Vitamin A is a group of unsaturated organic compounds including retinol, retinoic acid (RA), and several pro-vitamin A carotenoids including beta-carotene. They are fat-soluble substances obtained from animal food sources. RA is a metabolite of VitA, which is produced by CD103+ DCs and epithelial cells and acts as ligand for RA receptors (RARs) and Retinoic-X-Receptor (RXR), transcription factors regulating gene expression. Lymphoid cells express RAR, RXRs and RA, which are known to regulate IgA and mucosal homeostasis (Figure 3). DCs from Gut associated lymphoid tissue (GALT) produce RA to sustain gut tropism and in synergy with GALT-DC-derived IL-6 or IL-5, induce IgA production (208) (Figure 3). RA can also control the presence of RORγ+ ILCs, the formation of lymphoid tissue in the small intestine (209) and appears to be a cofactor in IgA class switch recombination (210). RA can also induce the gut-homing capacity on T cells by the up-regulation of the integrin α4β7 and the chemokine receptor CCR9 (211) (Figure 3). A diet deficient in VitA can lead to a systemic pro-inflammatory state, due to a lack of homing integrins in MLN activated T- and B-cells, which then go into systemic circulation instead of migrating back to the gut (212, 213). RA, together with TGFβ, promotes naïve CD4+ to become Foxp3+ Tregs and RA alone has also inhibitory effects on Th17 cell differentiation (Figure 3). Others have also described that VitA can impair the reprogramming of Tregs into IL-17-producing cells during intestinal inflammation (214).
Patients with IBD have been reported to be deficient in VitA (Figure 4). Cytochrome P450 26 B1 (CYP26B1) participates in the degradation of RA, and homozygous carriers of the CYP26B1 polymorphism rs2241057 have been associated as risk factor of CD development, linking an elevated catabolic function of RA to IBD (215). Supplementation of VitA/RA seems to attenuate intestinal inflammation in experimental models and even induces a shift in Th17/Tregs in UC biopsies (216–218). VitA appears to influence the microbiota, as its deficiency seems to favor a non-symptomatic reservoir of E. coli-like enteric infections (219, 220).

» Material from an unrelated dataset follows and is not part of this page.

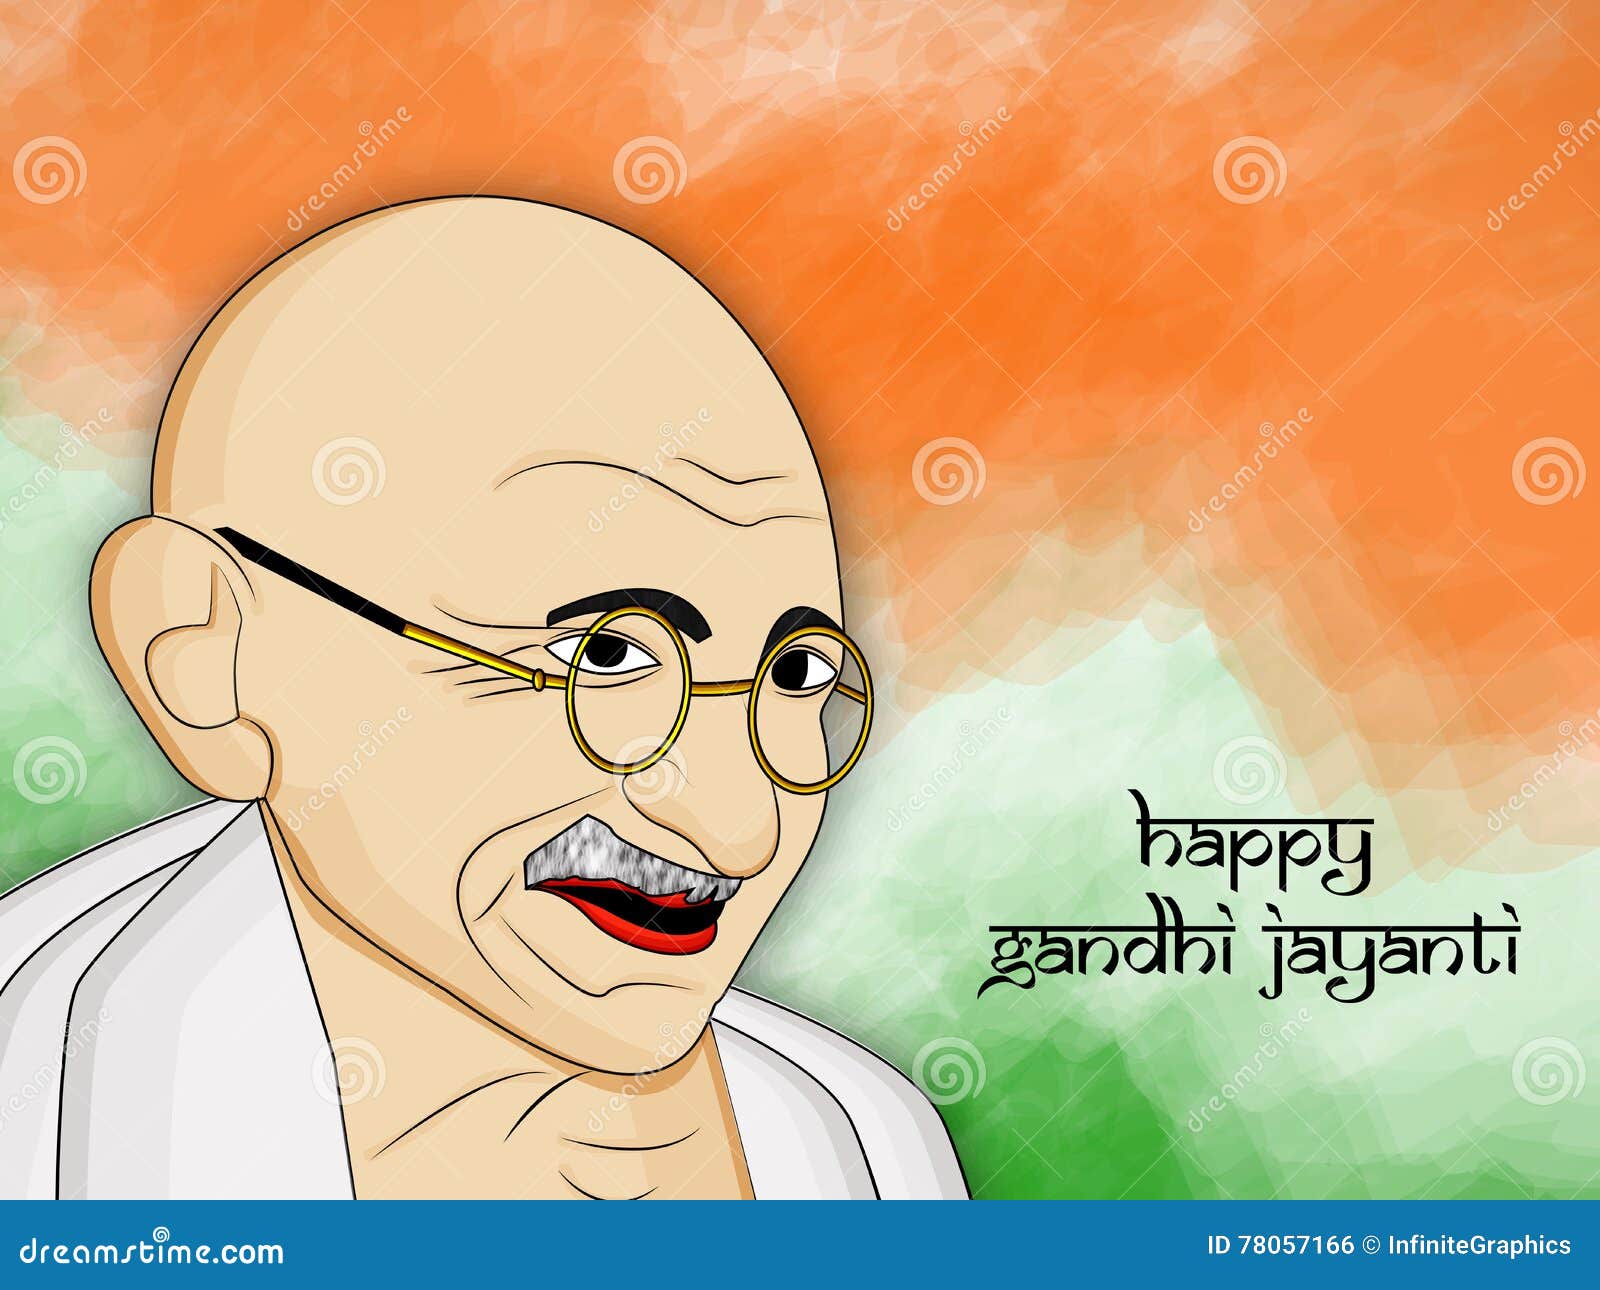 Gandhi Jayanti background stock vector. Illustration of august - 78057166

Vitamin D belongs to a group of fat-soluble vitamins which are essential for bone mineralization and optimal intestinal absorption of calcium, iron, magnesium, phosphate, and Zn. VitD regulates the epithelial integrity/barrier function and is involved in the detoxification and protection against infection as well as in controlling of the commensal microbiota (221, 222).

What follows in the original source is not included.